→ **Records supplied**:

--- START ---

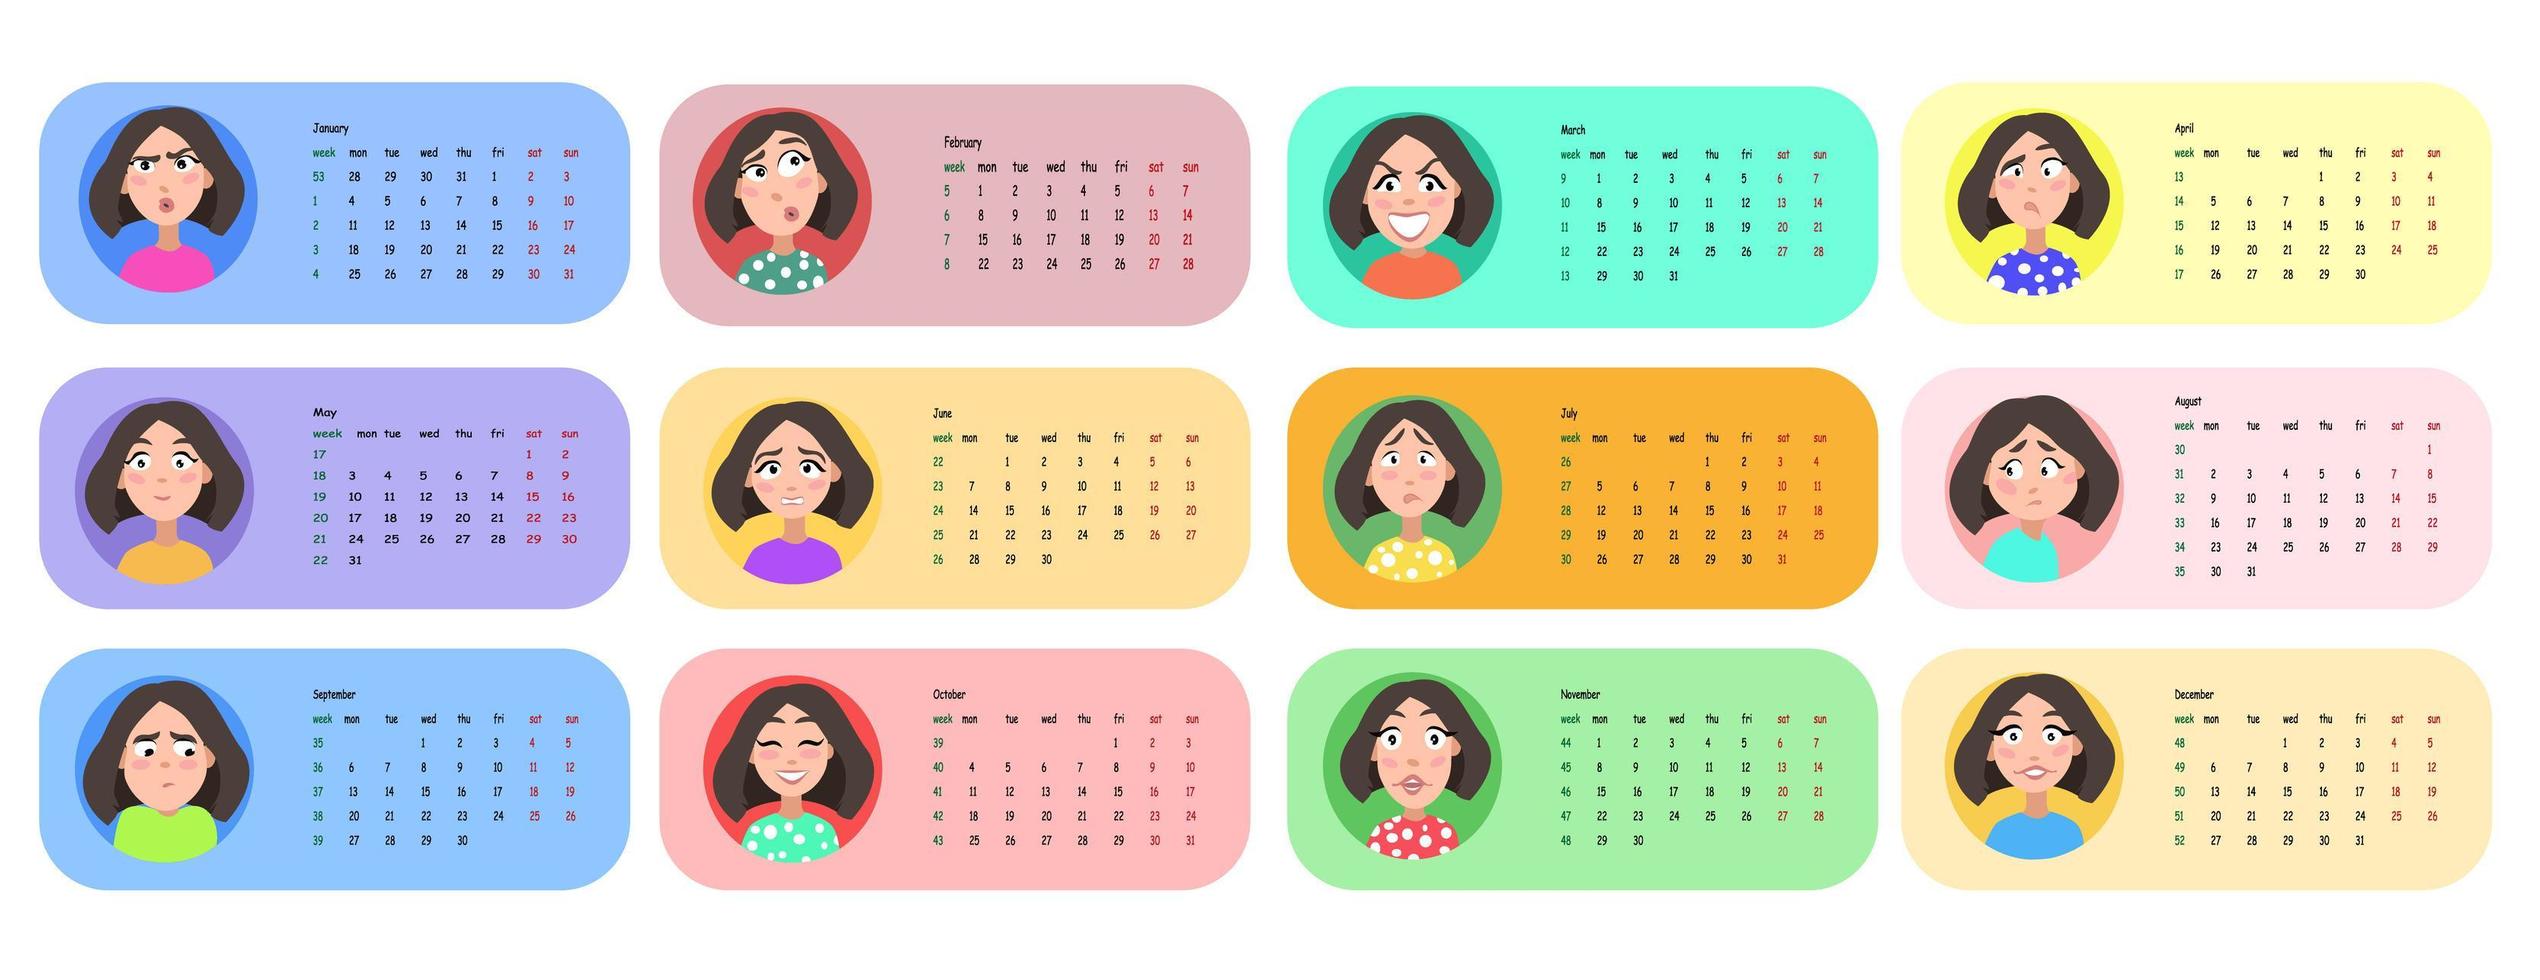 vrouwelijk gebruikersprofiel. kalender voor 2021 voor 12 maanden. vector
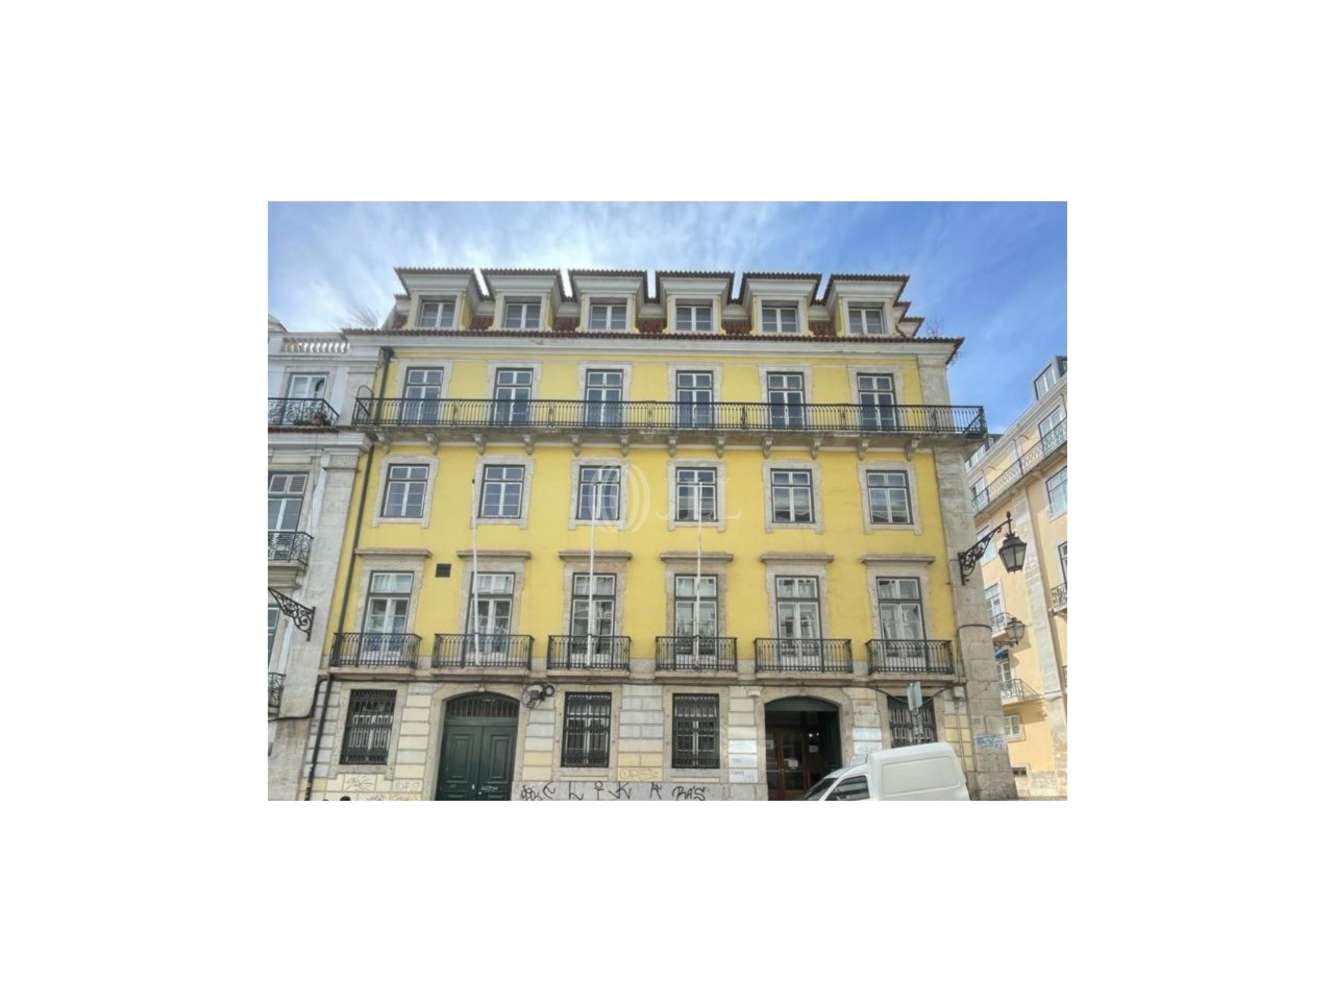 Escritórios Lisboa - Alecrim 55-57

--- END ---
--- START ---

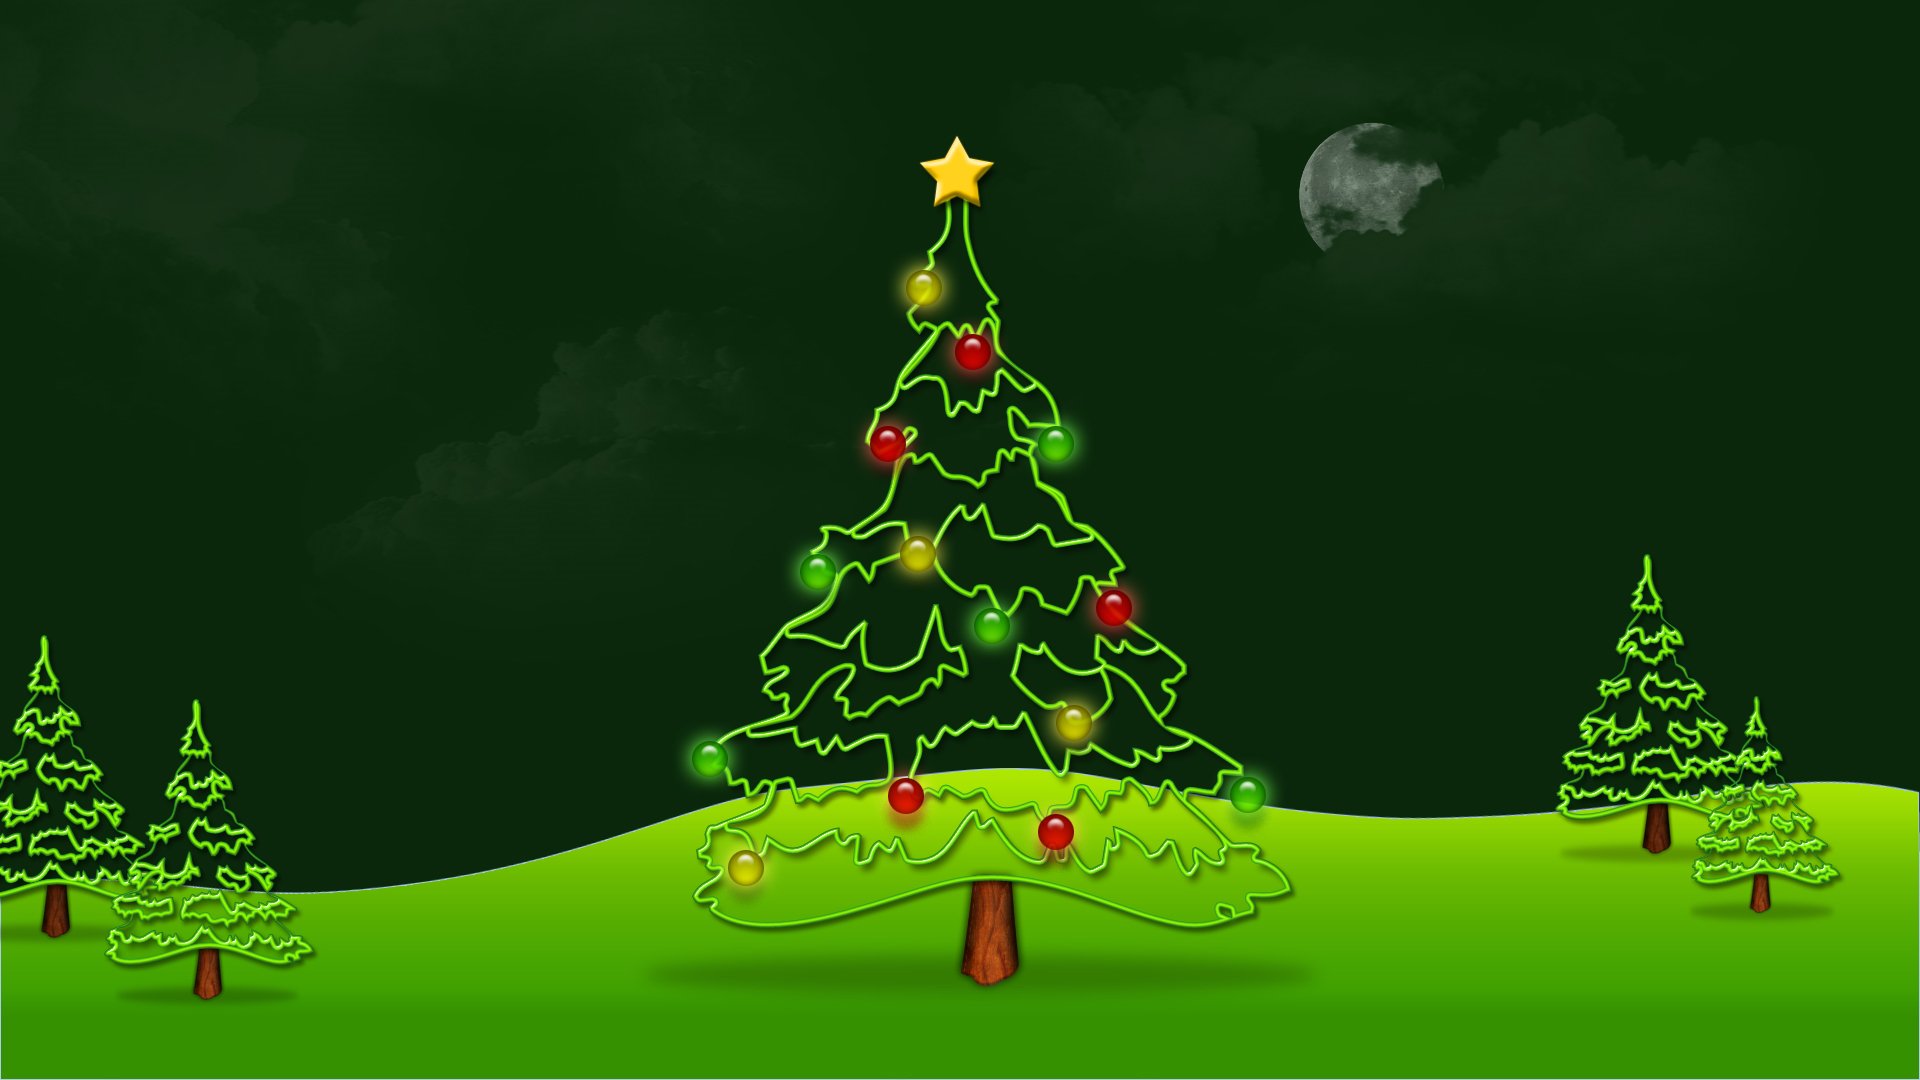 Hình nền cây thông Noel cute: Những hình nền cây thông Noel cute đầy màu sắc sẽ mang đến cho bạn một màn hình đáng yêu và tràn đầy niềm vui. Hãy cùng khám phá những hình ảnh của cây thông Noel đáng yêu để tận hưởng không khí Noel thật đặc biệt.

--- END ---
--- START ---

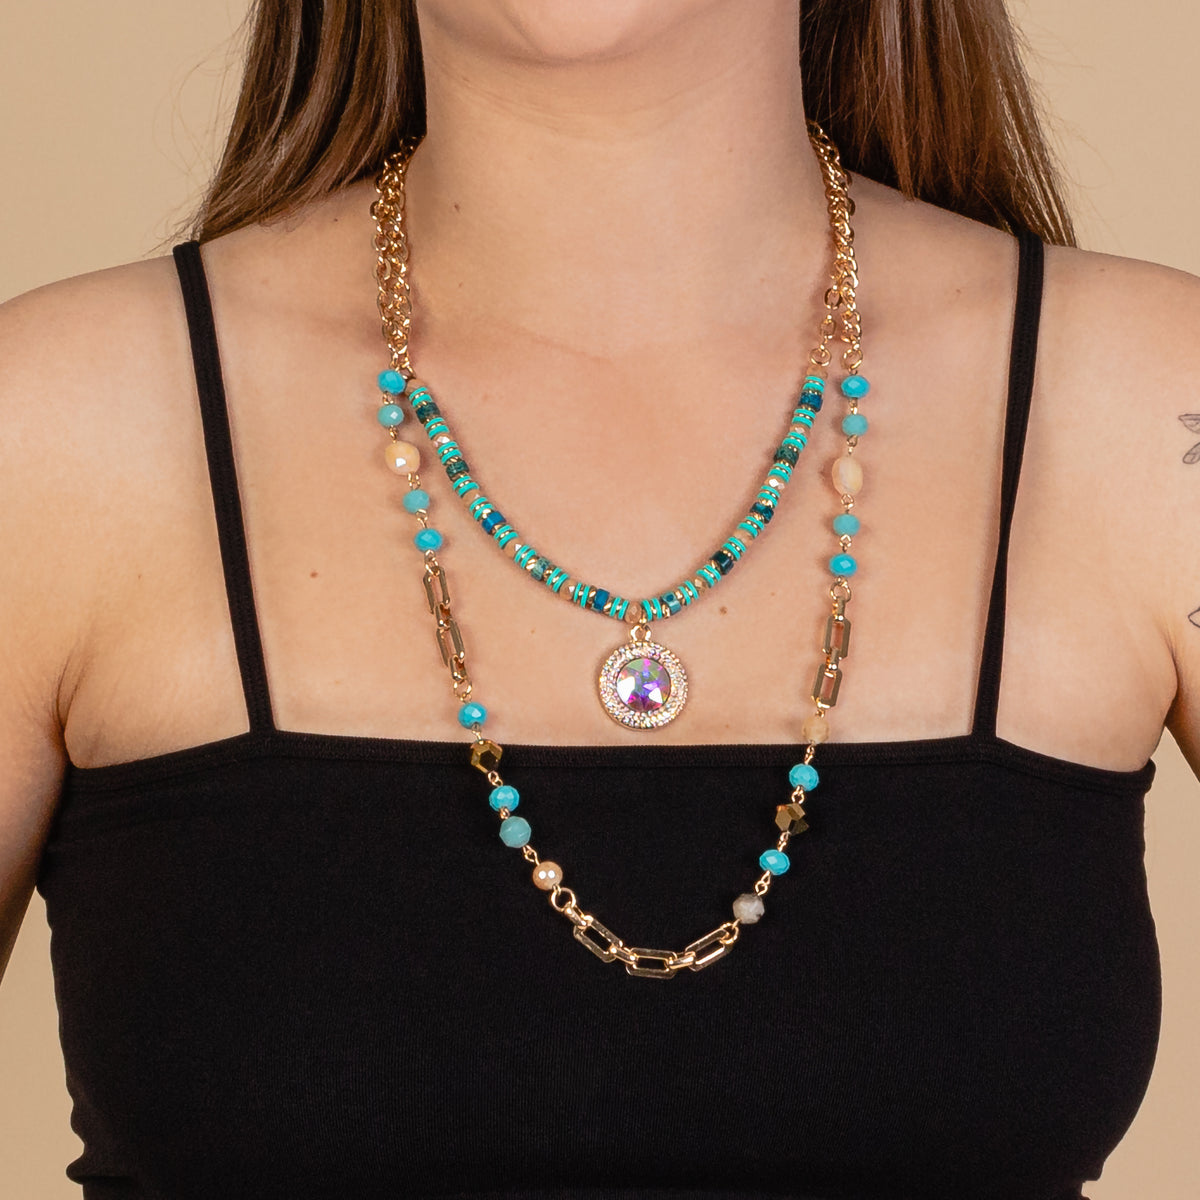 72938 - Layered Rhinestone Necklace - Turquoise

--- END ---

→ **Task prompt**:
The reply should hold the entries above from the line with "vrouwelijk gebruikersprofiel. kalender" to the line with "Escritórios Lisboa - Alecrim 55-57", duplicated exactly, pictures excluded.

→ **Response to the exercise**:
 vrouwelijk gebruikersprofiel. kalender voor 2021 voor 12 maanden. vector
 Escritórios Lisboa - Alecrim 55-57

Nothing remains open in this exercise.